An Output Enable (OE) pin is provided to three-state the Q0-8
outputs when OE is asserted. When OE is enabled (LOW), data
in the output register will be available to the Q0-8 outputs after tOE.
The FIFO contains overflow circuitry to disallow additional
writes when the FIFO is full, and underflow circuitry to disallow
additional reads when the FIFO is empty. An empty FIFO
maintains the data of the last valid read on its Q0-8 outputs
even after additional reads occur.
Write Enable 1 (WEN1). If the FIFO is configured for programmable flags, Write Enable 1 (WEN1) is the only write enable
control pin. In this configuration, when Write Enable 1 (WEN1)

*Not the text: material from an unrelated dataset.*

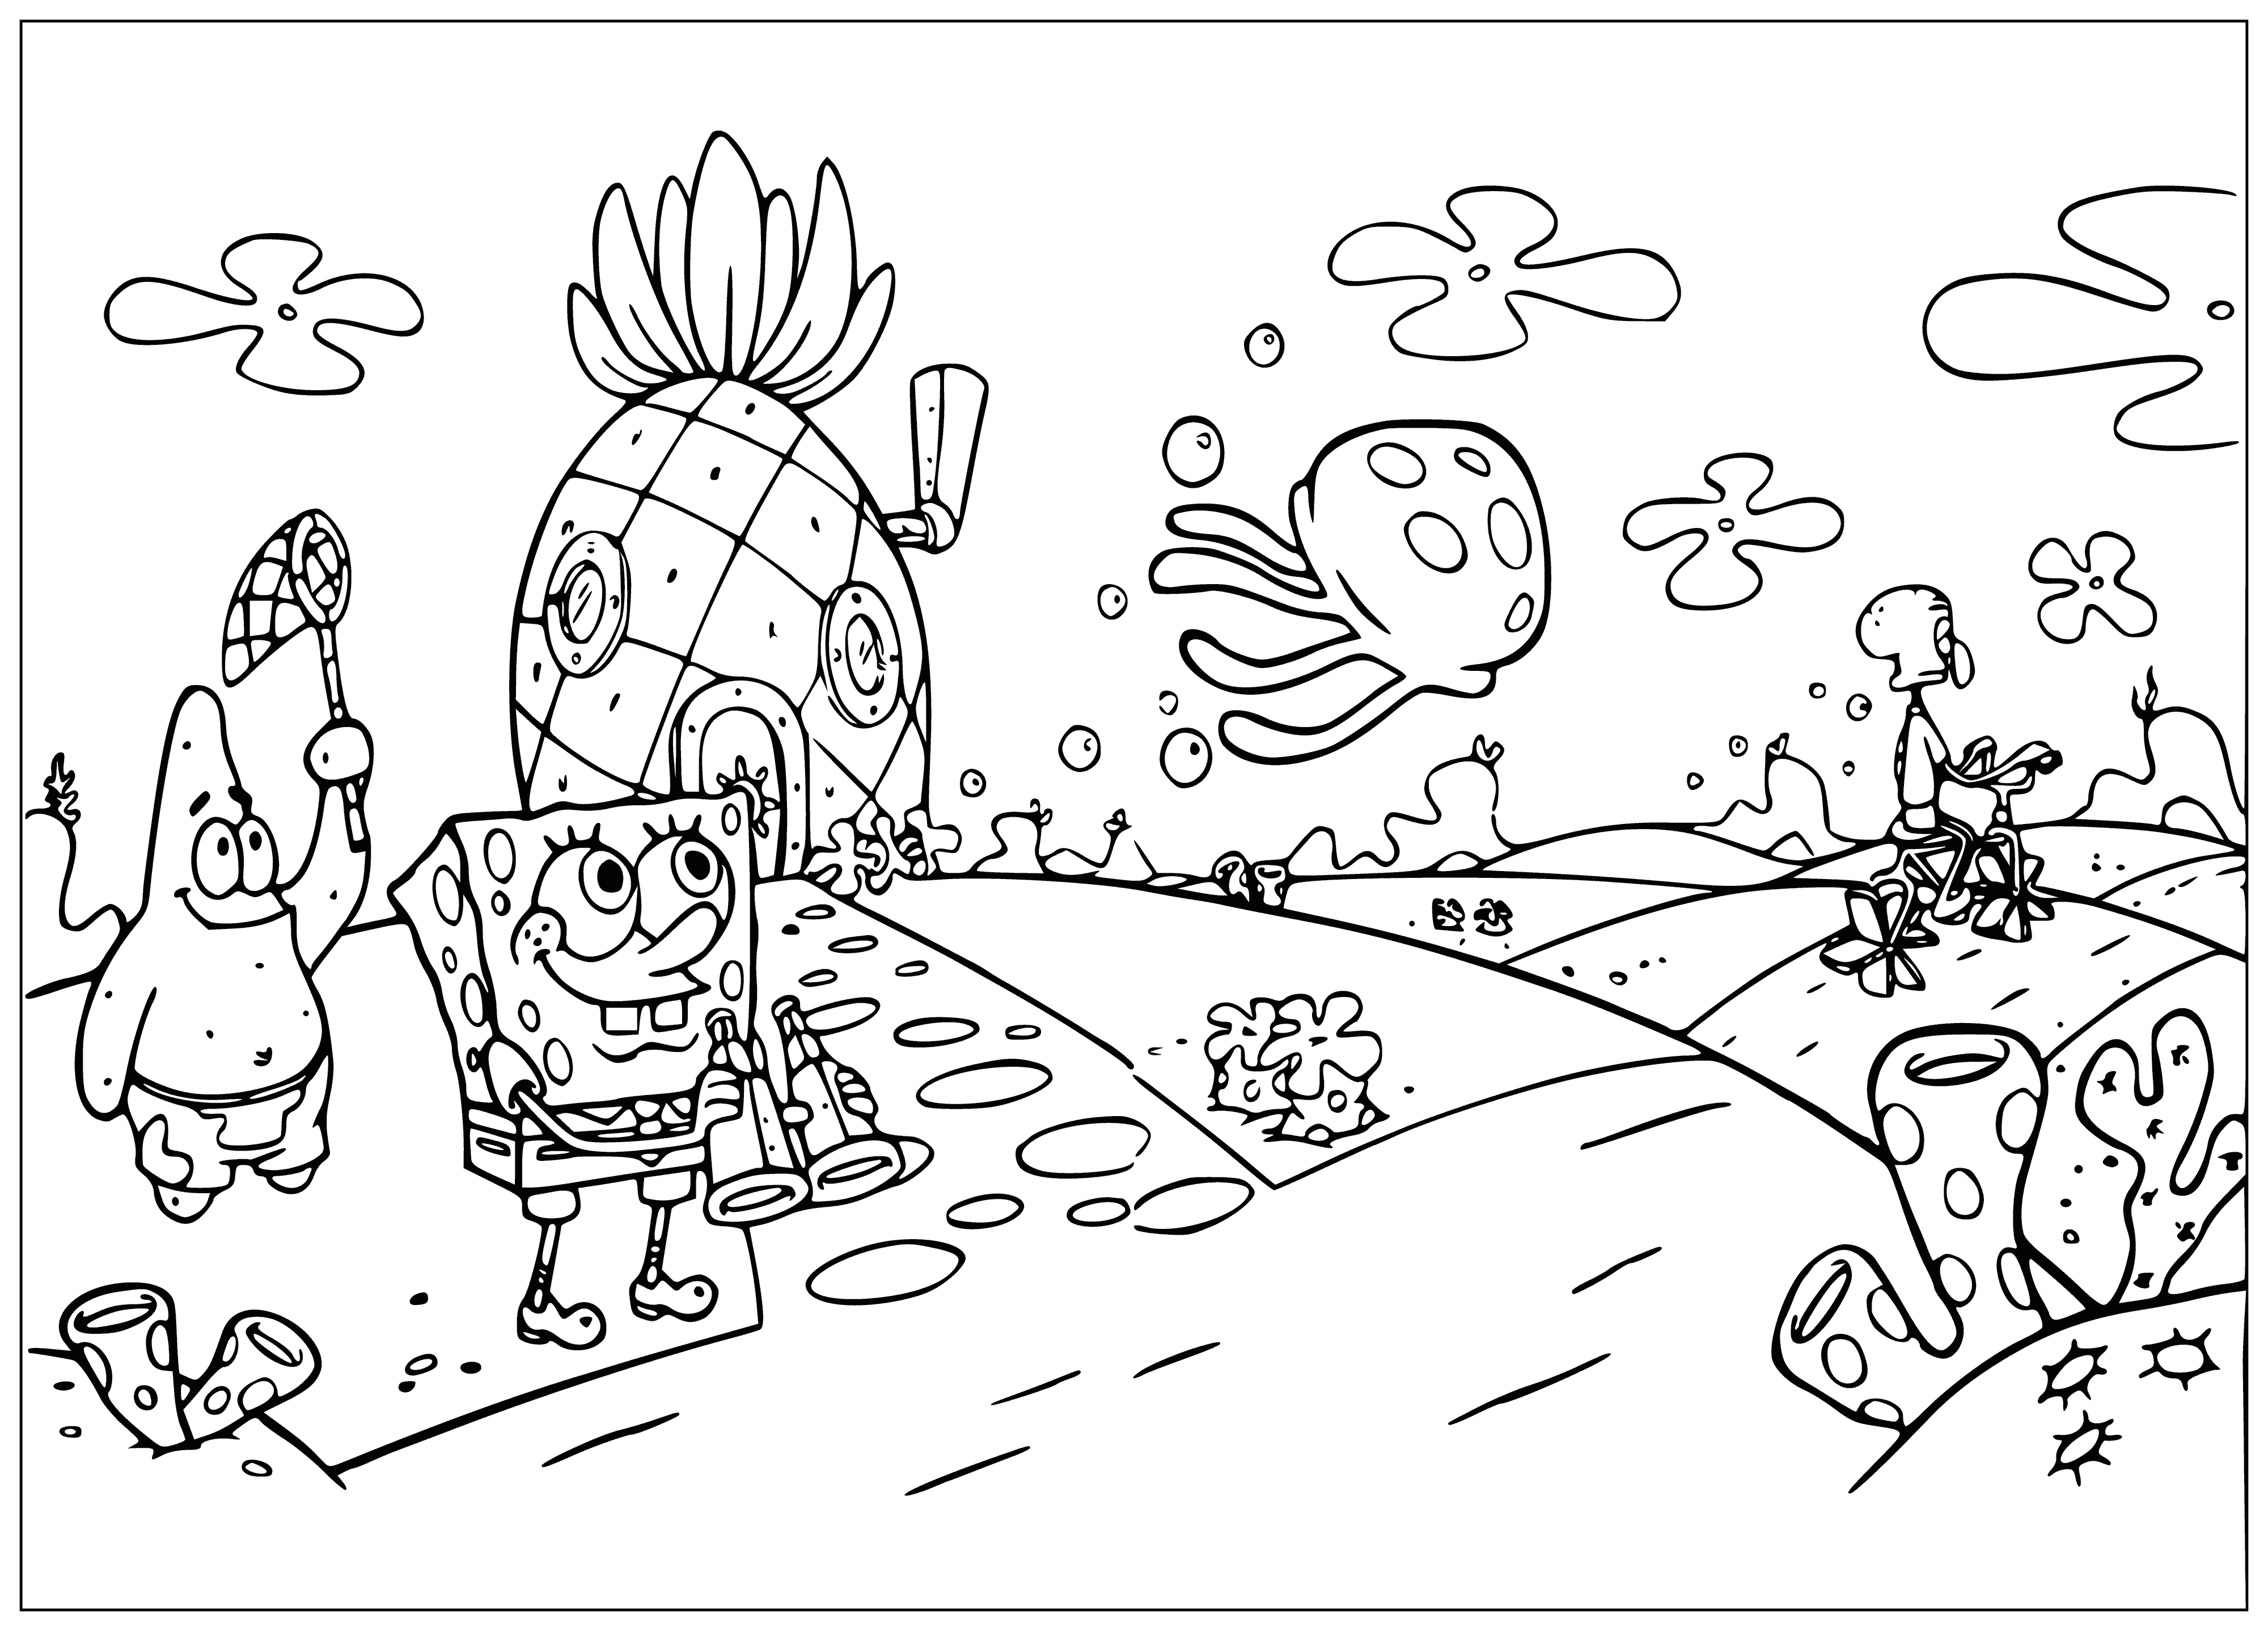 coloring page: SpongeBob is having a great time enjoying a beach day in a tropical setting with a surfboard, Hawaiian shirt and shorts. #spongebob
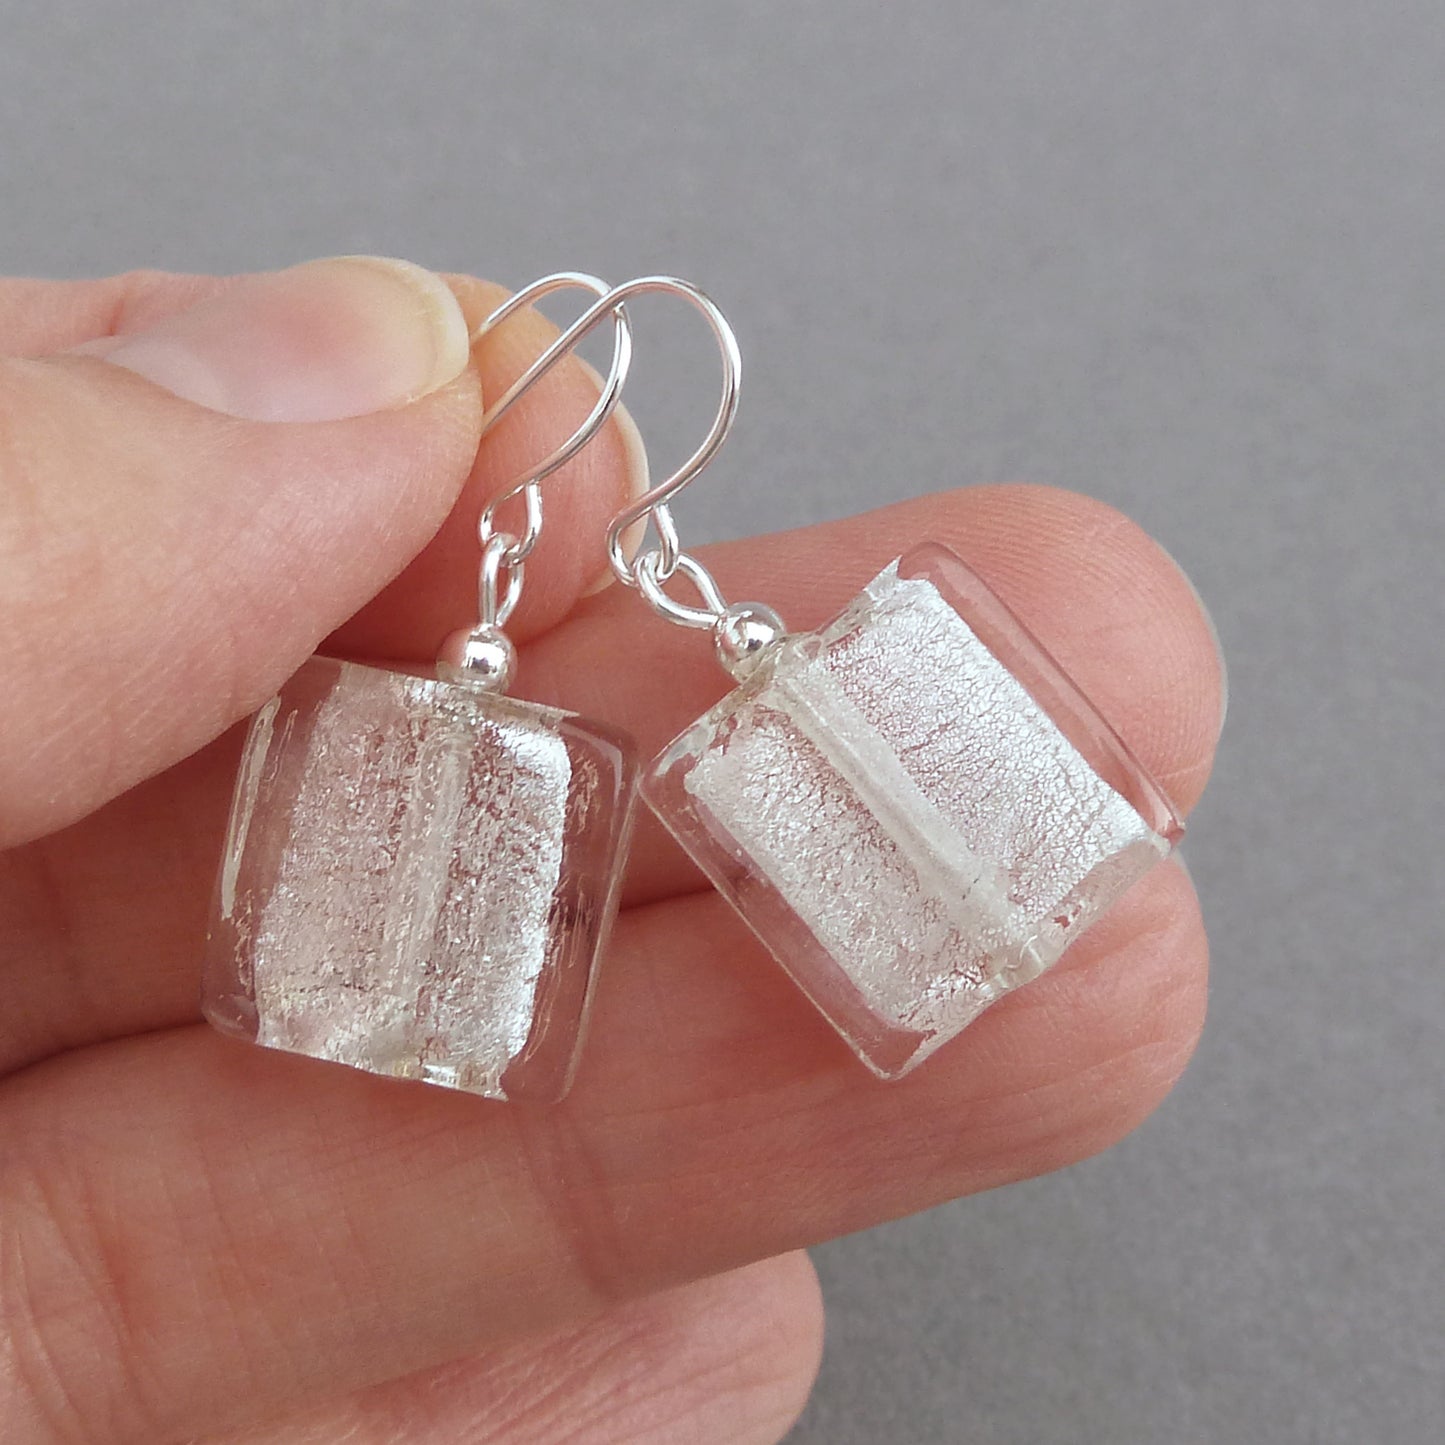 Square fused glass earrings

is LOW, data can be loaded into the input register and RAM
array on the LOW-to-HIGH transition of every write clock
(WCLK). Data is stored is the RAM array sequentially and
independently of any on-going read operation.
Document #: 38-06010 Rev. *B
Write Enable 2/Load (WEN2/LD). This is a dual-purpose pin.
The FIFO is configured at Reset to have programmable flags
or to have two write enables, which allows for depth
expansion. If Write Enable 2/Load (WEN2/LD) is set active
HIGH at Reset (RS=LOW), this pin operates as a second write
enable pin.
If the FIFO is configured to have two write enables, when Write
Enable (WEN1) is LOW and Write Enable 2/Load (WEN2/LD)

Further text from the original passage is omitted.